I don't want to turn into one of the South Park goth kids. I want to get happy again, I mean fundamentally happy. Gonna work on that. Resentment's been building up in me. The deep frustration with being dicked over and put upon, the recurring sense that I deserve better than this shit (and who am I to talk, everyone here's felt that), and again I'm trying to find ways to vent it before it gets to me.

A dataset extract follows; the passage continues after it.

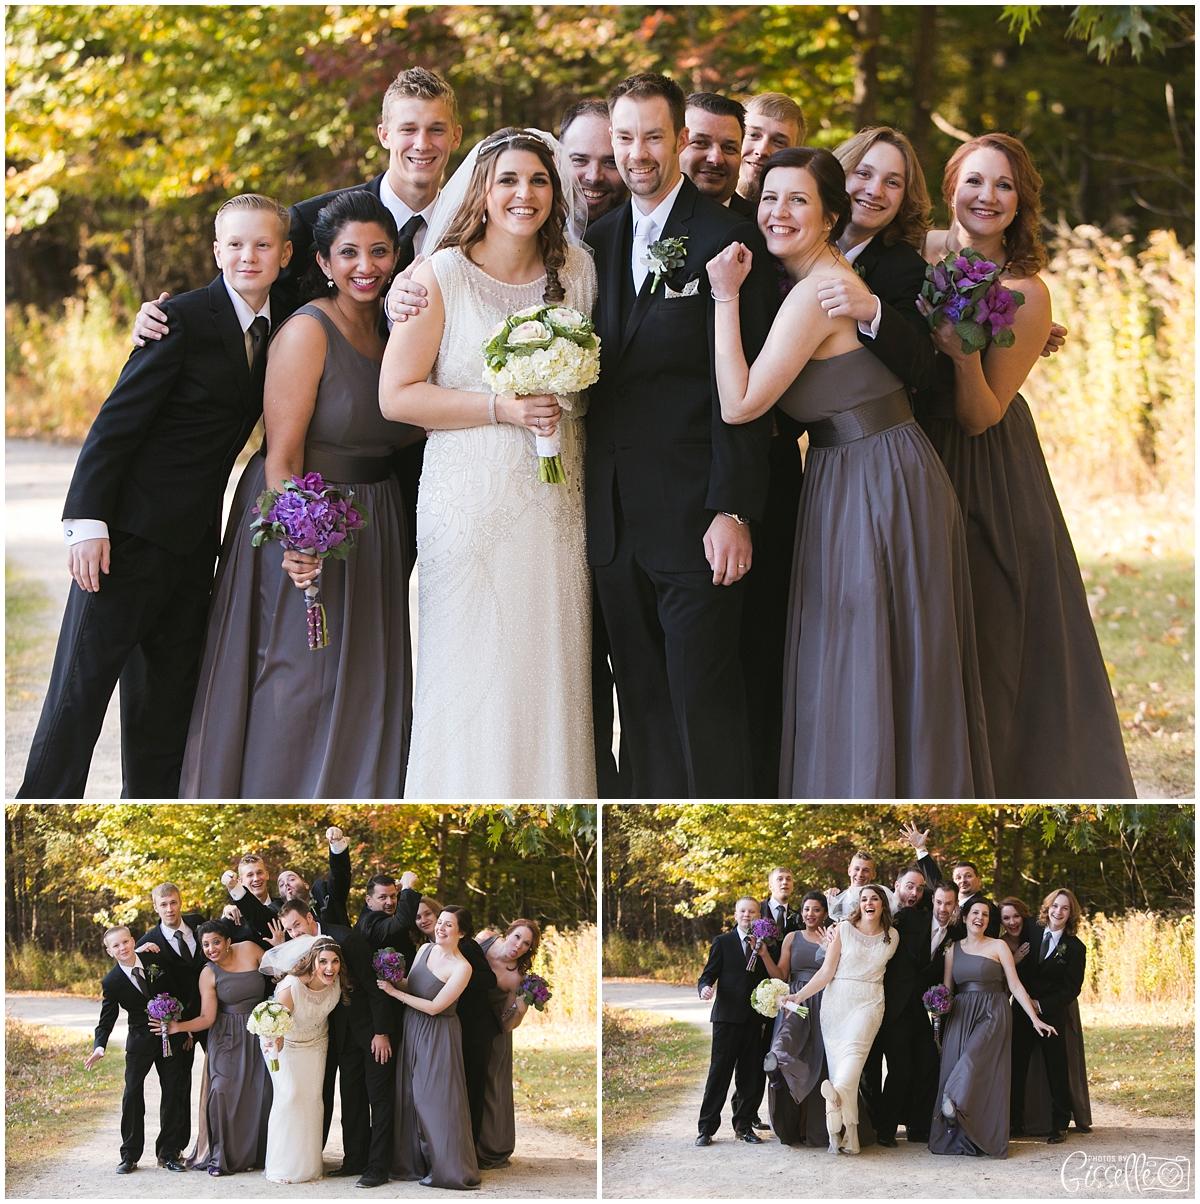 Fall-Chicagoland-Wedding_0014.jpg

Ahh, look at what I'm doing. Shut up, Hefner, go to sleep. See SIN CITY tomorrow, that'll help.
thehefner: (Rorschach)
I'm sure there are more and better choices than these, but there you go. EDIT: It occurs to me I should have waited for more people to guess before I responded to the first two. Ah well. If you WERE gonna guess someone else, feel free to post it, since I'd love to see who you would have thought I'd have liked.

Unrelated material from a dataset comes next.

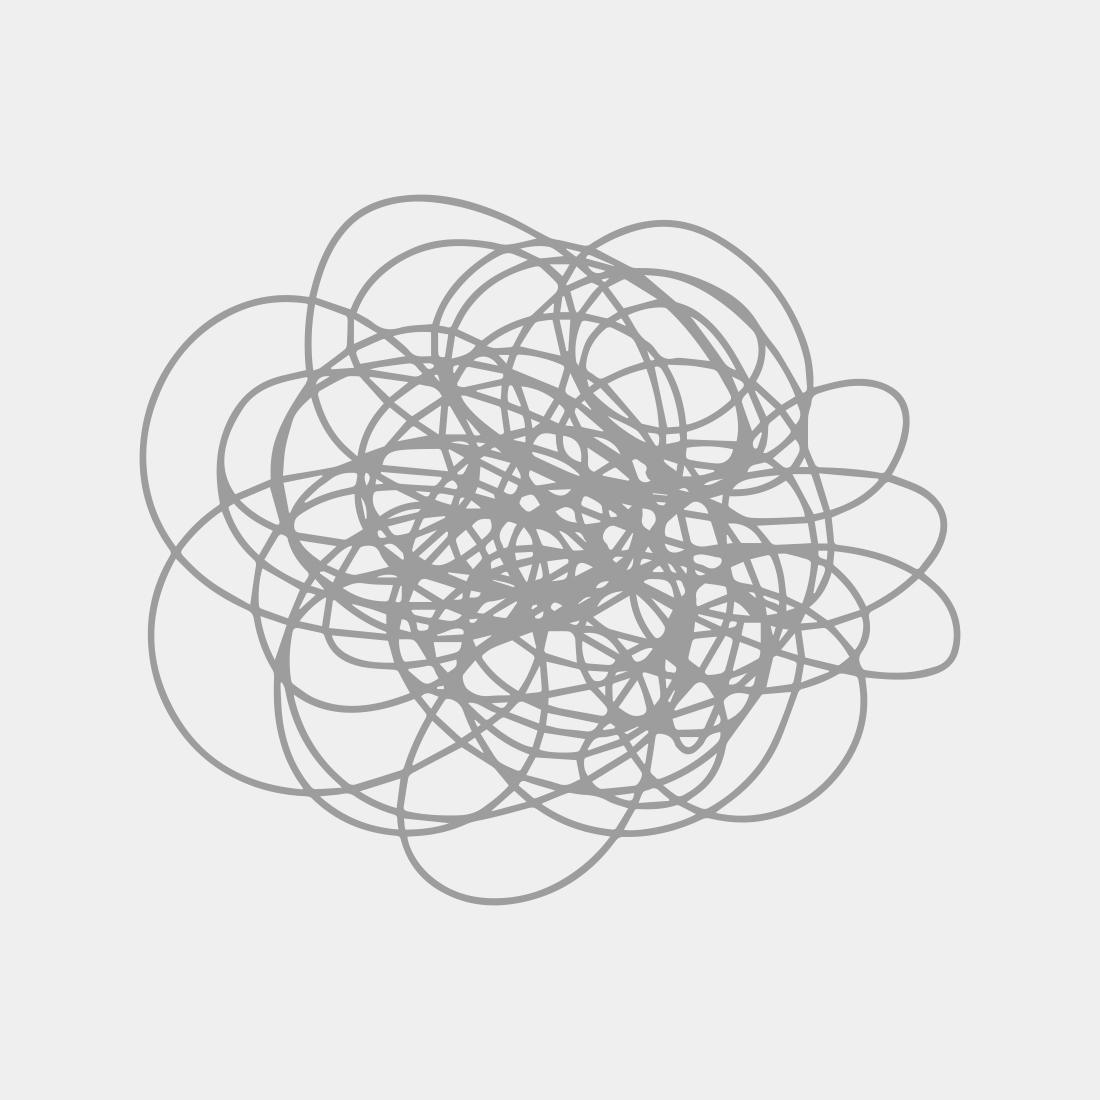 Jock McFadyen Special Edition

-List ten of your favourite movies/books/television shows.
-Have your friends comment and try to guess which character is your favourite. (if I've got more than one, the # is in parentheses
-When guessed, bold the title, post the correct answer, and explain (briefly) why.
-Pass this on like a communicable disease.

1.) WATCHMEN (book)
- Rorschach. He's uber-right-wing, psychotic, cynical, and deeply nihilistic, but his uncomporomising determination to do the right thing (with no superpowers at his disposal) coupled with the creepy bad-assedness of the character makes him one of my all-time favorites.

2.) ONCE UPON A TIME IN THE WEST (movie)

3.) THE ICEMAN COMETH (play/movie)

4.) CLOSER (play/movie)
- Larry. He's every dark, evil, hurt, manipulative, toying, vindinctive thought and feeling that I had deep within but would never let myself become. At least, not to the extent that Larry does. I've never been willing to fuck anybody over just because of my own hurt. Still, he's fun as hell to watch.

5.) L.A. CONFIDENTIAL (book/movie)

6.) A MIGHTY WIND (movie)
- Mitch. I'm not even sure what I can say about him. The character just kind of speaks for himself, and if you don't get it, I don't suppose I can blame you.

7.) GANGS OF NEW YORK (movie)
- Bill the Butcher, as if anyone couldn't guess. He was so badass, charming, charismatic, and complex, it was almost easy to forget he was an evil racist bastard. He was the real hero of the movie, and even at the end he had more true honor and strength than Leo did. Now, if the movie had been about Bill vs. Liam Neeson's Priest, that would have been a match and a movie worthy of an Oscar.

8.) CASABLANCA (movie)
-Louis Renault. Claude Rains, what a magnificent bastard you are. Charming, self-serving, corrupt, but with a heart of... well, bronze, at least.

9.) SIN CITY (comics/movie)
- Hartigan. I love Marv, but when it comes down to it, I think Hartigan might be the only true hero of Sin City. The only one not motivated by vengeance or mere survival, an honest cop to the end, sacrificing everything to keep one person safe. It just appeals to the redemption-seeker in me, I guess.

10.) BATMAN: THE ANIMATED SERIES (show)
- Harvey Dent. Not just as Two-Face, Harvey's my favorite comics character, fully realized in the show, thanks in large part to Richard Moll (yes, Bull from NIGHT COURT)'s performance(s).